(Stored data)
=== Section Start ===
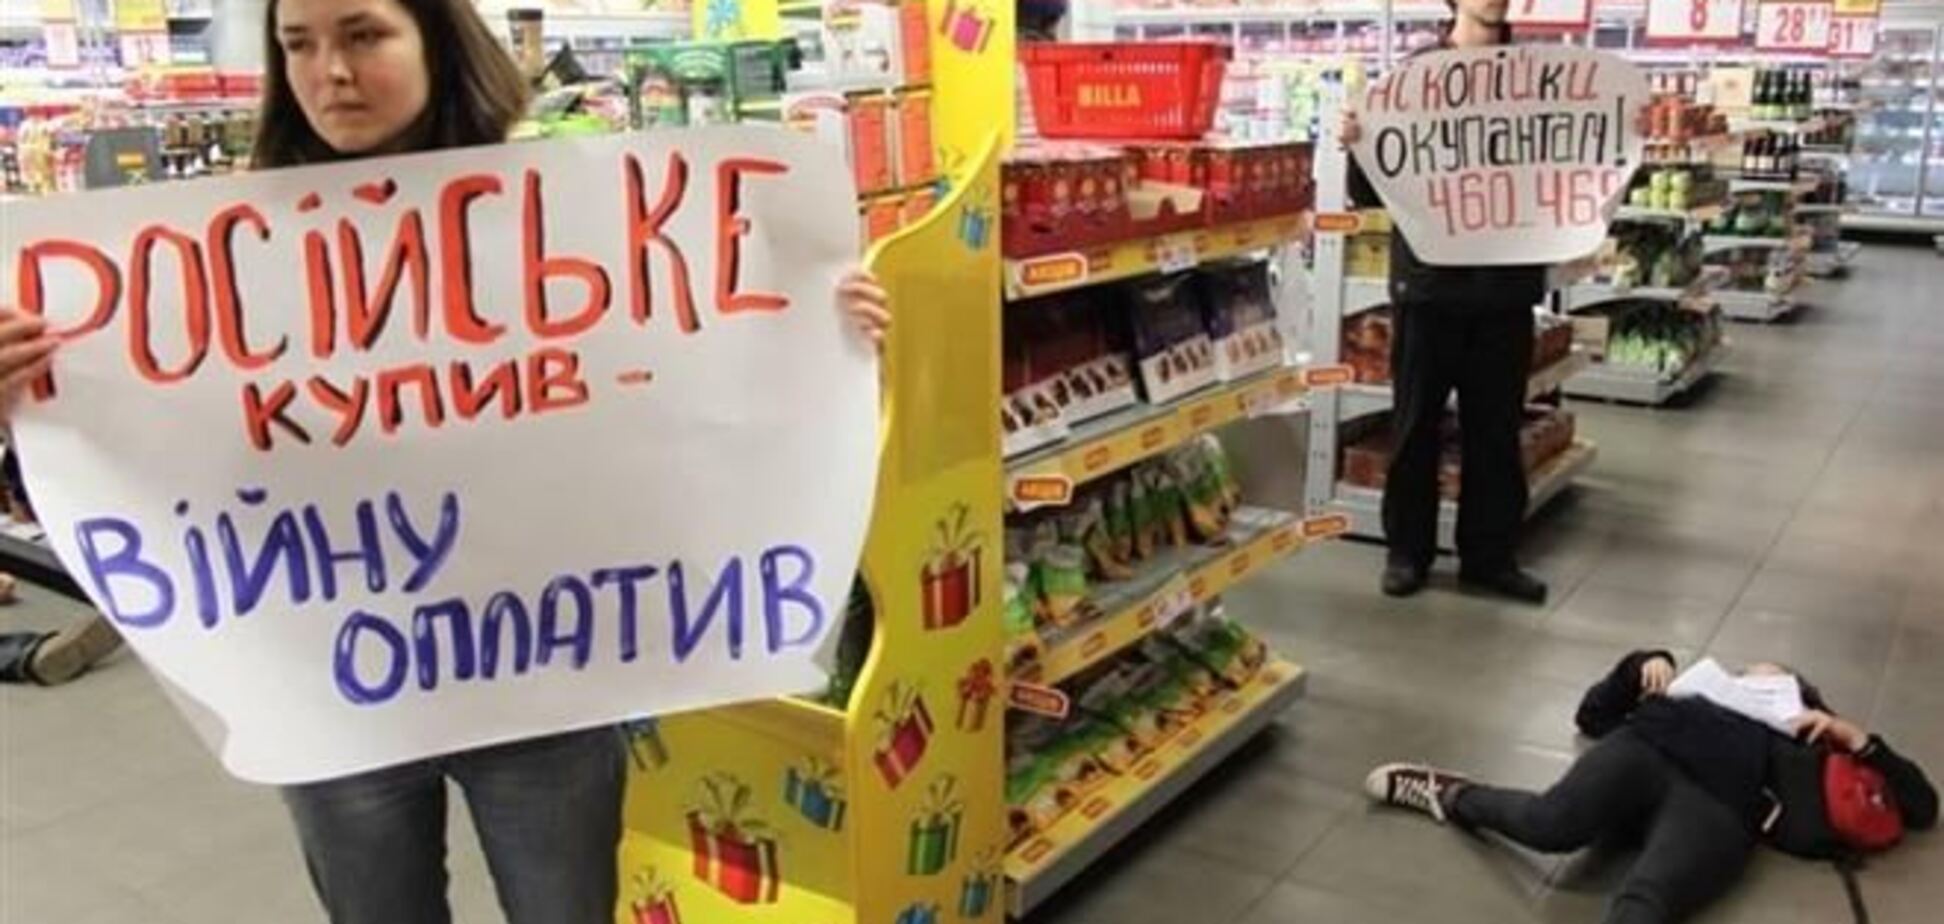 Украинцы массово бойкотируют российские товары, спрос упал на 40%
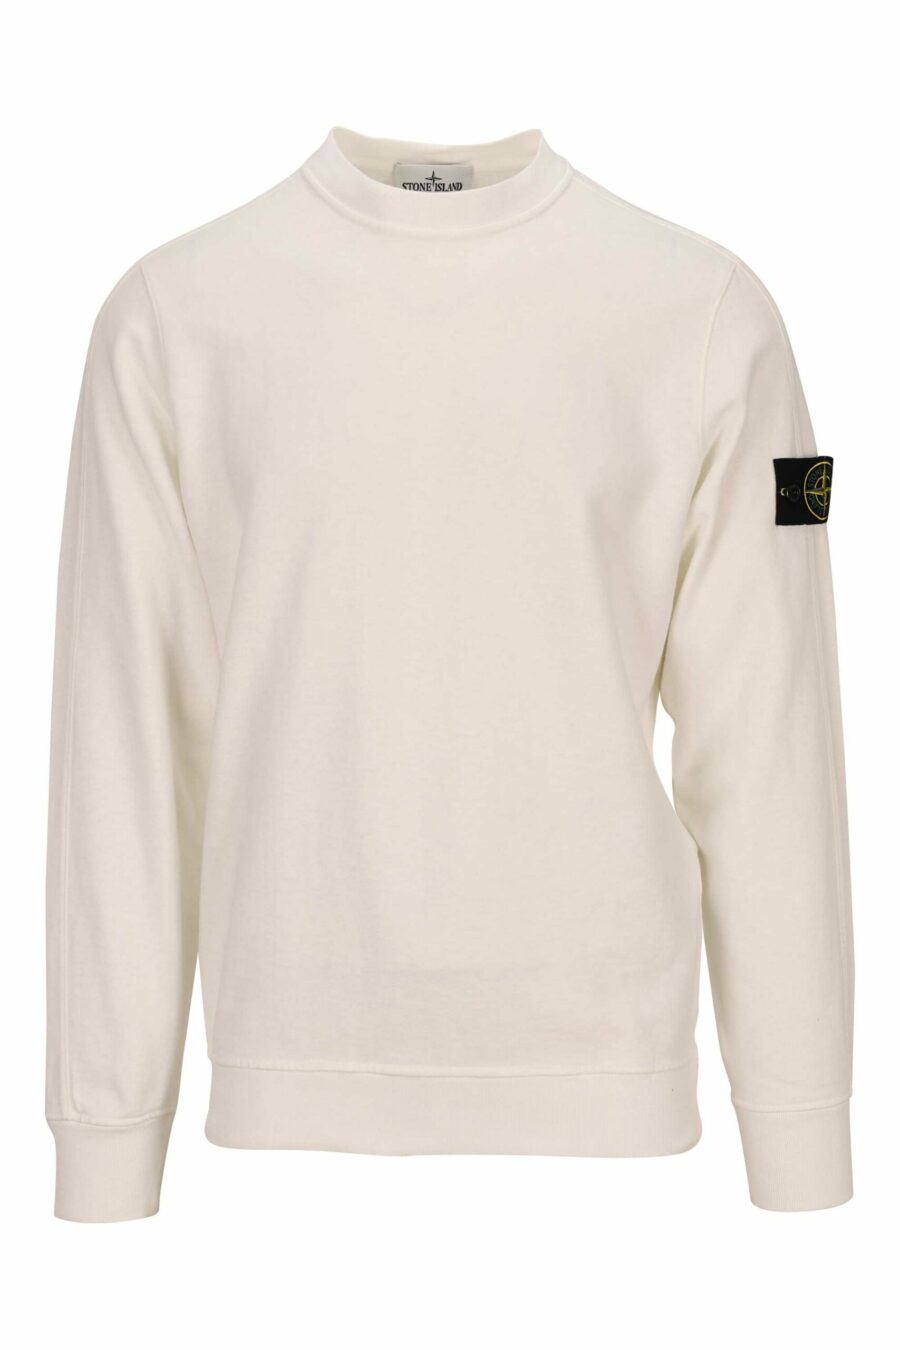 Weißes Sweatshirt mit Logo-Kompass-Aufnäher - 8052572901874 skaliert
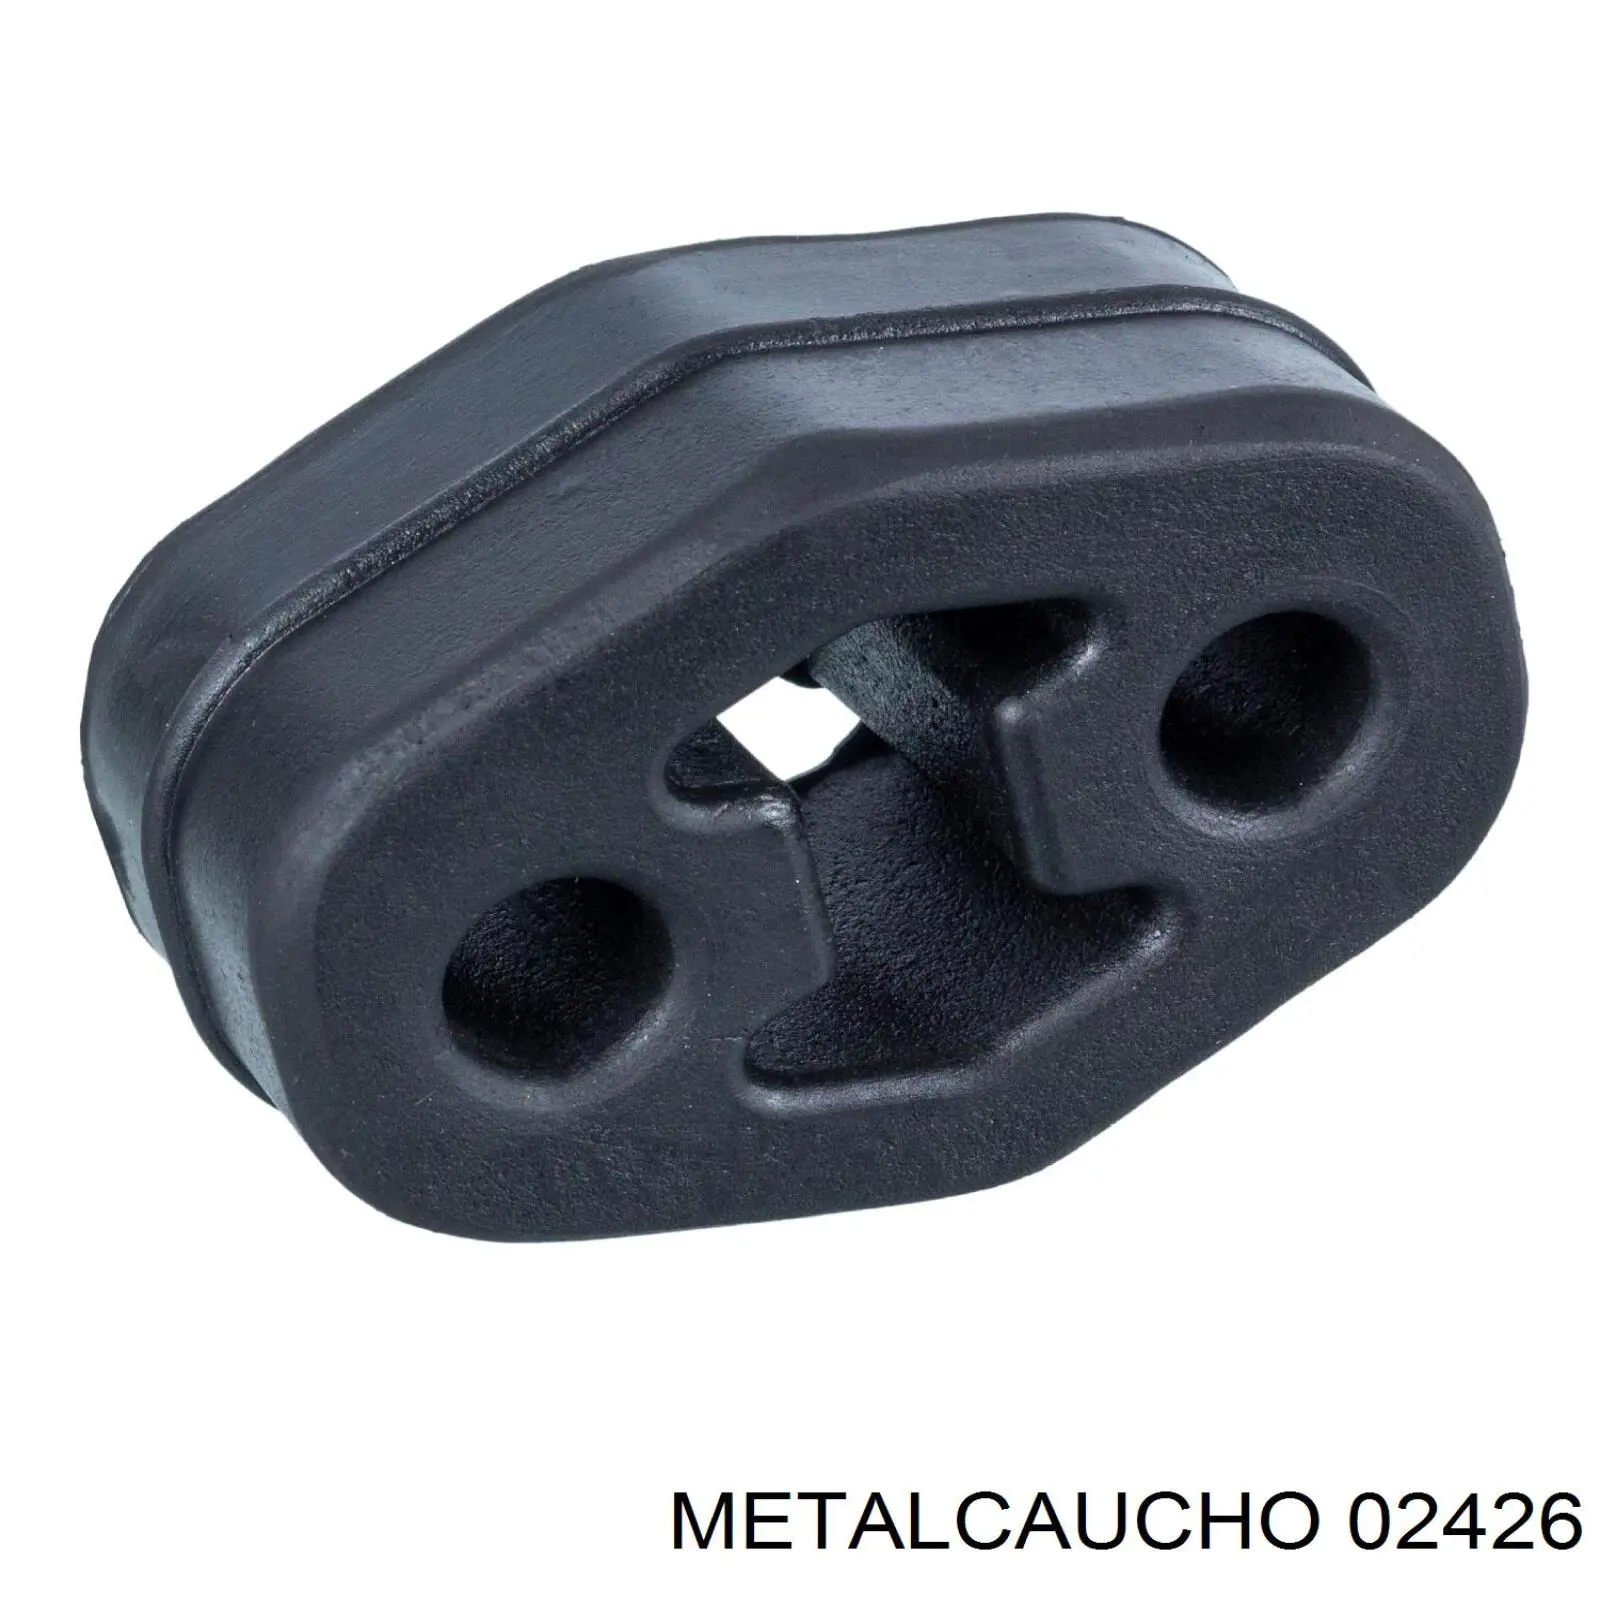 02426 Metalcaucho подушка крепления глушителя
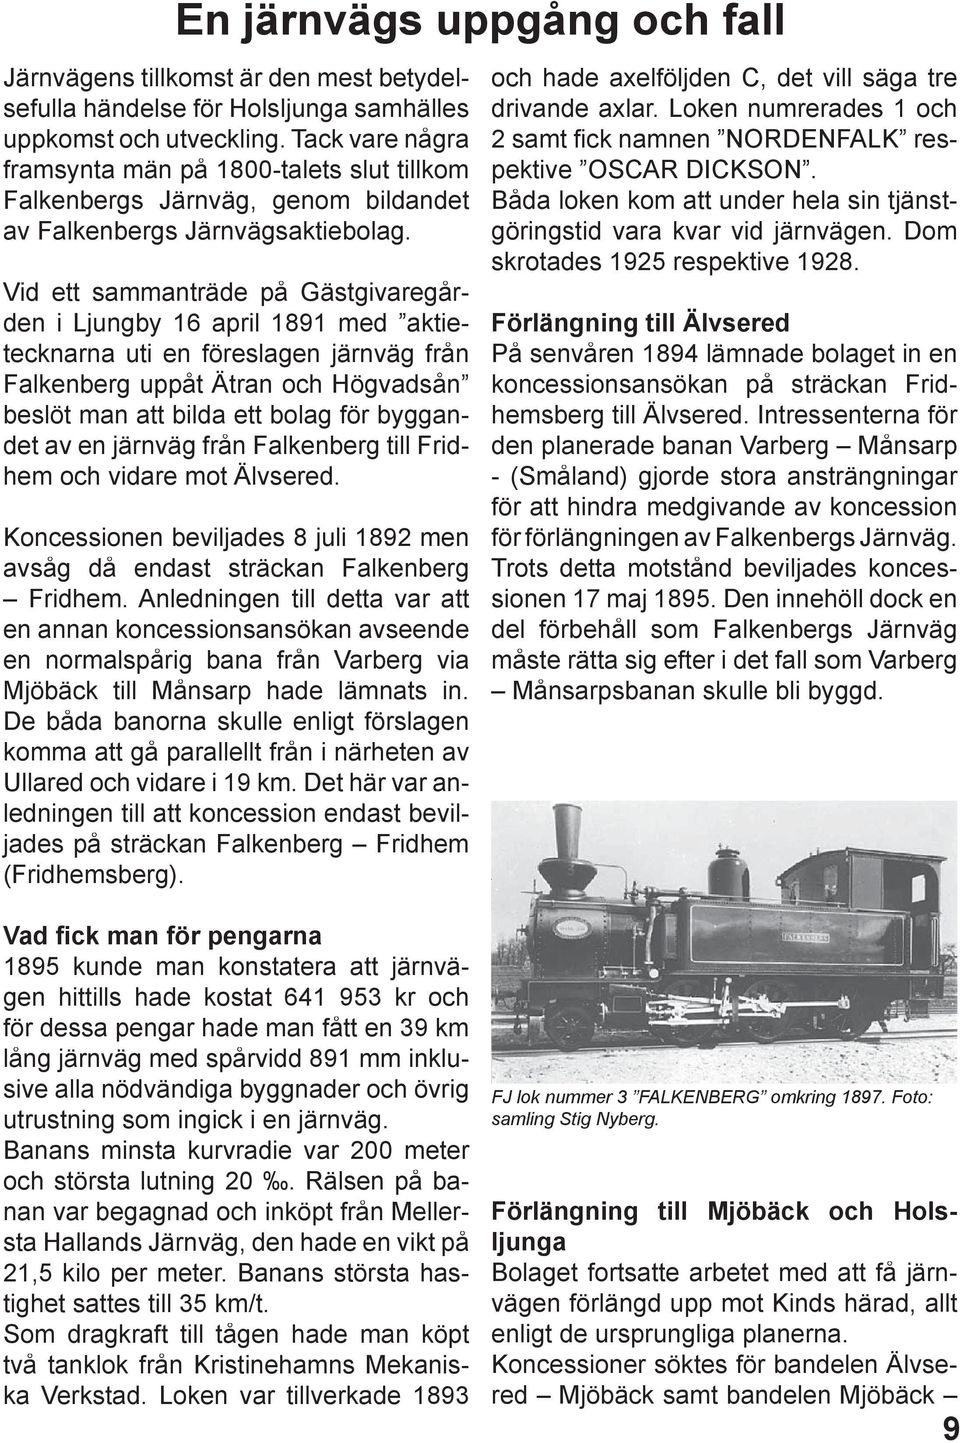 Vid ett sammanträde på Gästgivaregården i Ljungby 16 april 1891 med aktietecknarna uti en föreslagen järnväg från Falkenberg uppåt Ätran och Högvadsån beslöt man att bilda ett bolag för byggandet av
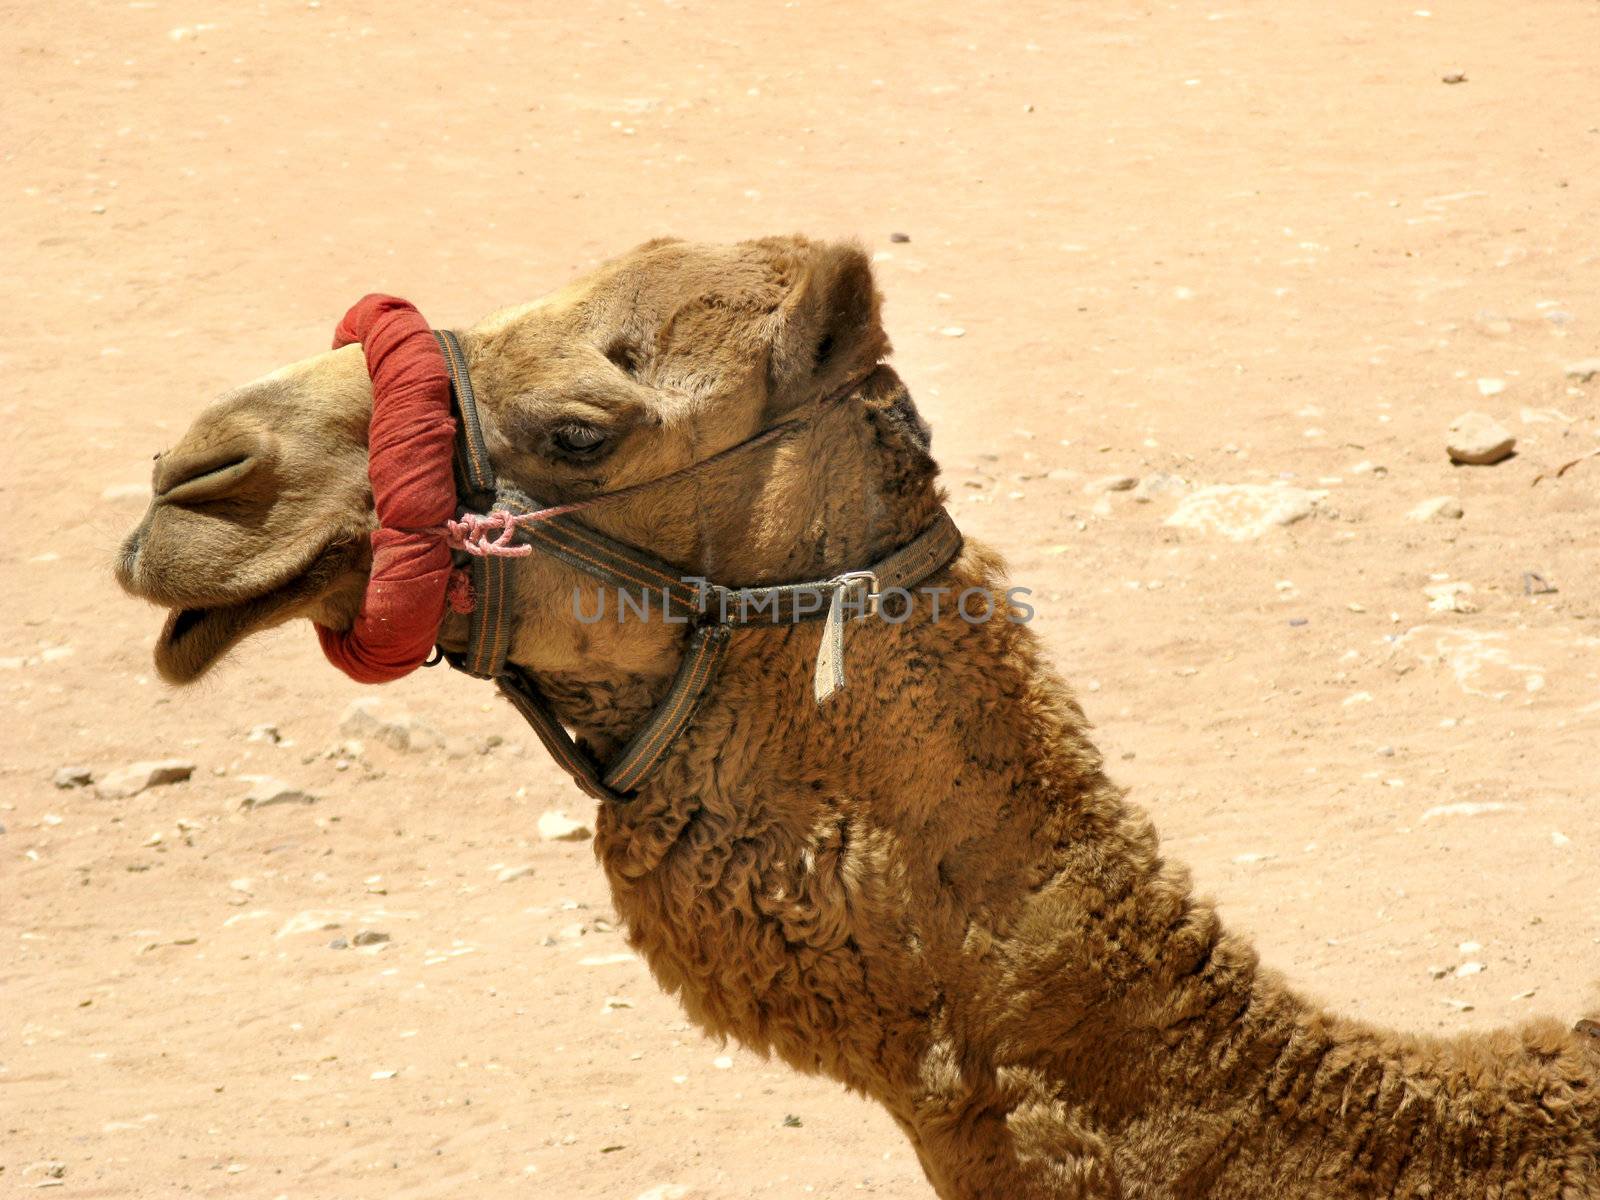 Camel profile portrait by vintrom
=== Section End ===
_WHAT YOU SHOULD DO_
With images omitted, retype the data word for word.

_RESULT_
 Украинцы массово бойкотируют российские товары, спрос упал на 40%
 Weißes Sweatshirt mit Logo-Kompass-Aufnäher - 8052572901874 skaliert
 02426 Metalcaucho подушка крепления глушителя
 Vid ett sammanträde på Gästgivaregården i Ljungby 16 april 1891 med aktietecknarna uti en föreslagen järnväg från Falkenberg uppåt Ätran och Högvadsån beslöt man att bilda ett bolag för byggandet av
 Camel profile portrait by vintrom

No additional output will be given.